Type III Hypersensitivity: Immune complex mediated hypersensitivity
When a huge amount of antigen enters into the body, the body produces higher concentrations of antibodies. These antigens and antibodies combine together to form insoluble complex called immune complex. These complexes are not completely removed by macrophages.
These get attached to minute capillaries of tissues and organs such as kidneys, lung and skin (Figure 11.9). These antigen-antibody complexes activate the classical complement pathway leading to vasodilation. The complement proteins and antigen-antibody complexes attract leucocytes to the area. The leukocytes discharge their killing agents and promote massive inflammation. This can lead to tissue death and haemorrhage.
It was first observed by Arthus. It is a local immune complex reaction occurring in the skin. Horse serum and egg albumin are the antigens that induce the arthus reaction. It is characterized by erythema, induration, oedema, haemorrhage and necrosis. This reaction occurs when antibody is found in excess. It appears in 2-8 hours after injection and persists for about 12-24 hours (Table 11.1).

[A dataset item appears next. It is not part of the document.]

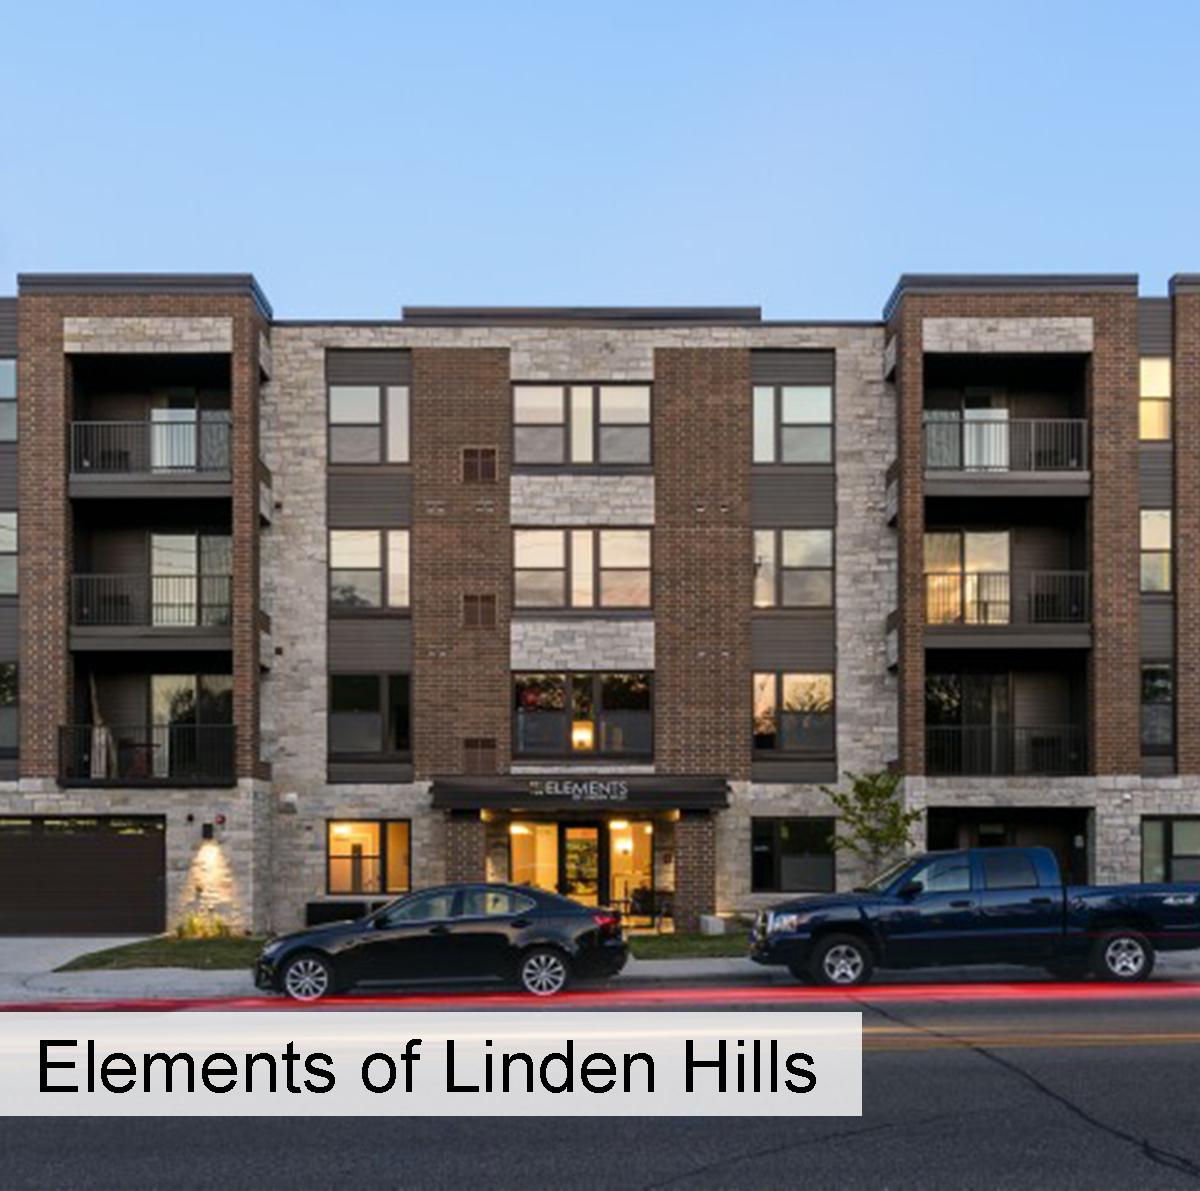 Elements of Linden Hills

Table 11.1: Difference between Immediate Hypersensitivity and Delayed Hypersensitivity
|1. It appears and disappers rapidly||1. It appears slowly and last longer.|
|2. It is induced by antigens or haptens by any route||2. Induced by infection, injection of antigen intra dermally or with adjuvants of by skin contact.|
|3. The reaction is antibody mediated B-cell response||3. The reaction is T-cell mediated response.|
|4. Passive transfer is possible with serum||4. Cannot be transferred with serum but can be transferred by lymphocytes|
|5. Desensitization is easy, but does not last long||5. Desensitization is difficult but long lasting.|
It is often called as delayed hypersensitivity reaction as the reaction takes two to three days to develop. Type IV hypersensitivity is involved in the pathogenesis of many autoimmune and infectious diseases such as tuberculosis and leprosy. T lymphocytes, monocytes and macrophages are involved in the reaction. Cytotoxic T Cells cause direct damage whereas the T helper cells secrete cytokines and activate monocytes and macrophages and cause the bulk damage (Figure 11.10).
Type IV hypersensitivity: Cell Mediated Delayed Hypersensitivity
Tuberculin reaction (Mantoux Reaction)
When a small dose of tuberculin is injected intra dermally in an individual already having tubercle bacilli, the reaction occurs. It is due to the interaction of sensitized T cell and tubercle bacterium. The reaction is manifested on the skin very late only after 48-72 hours.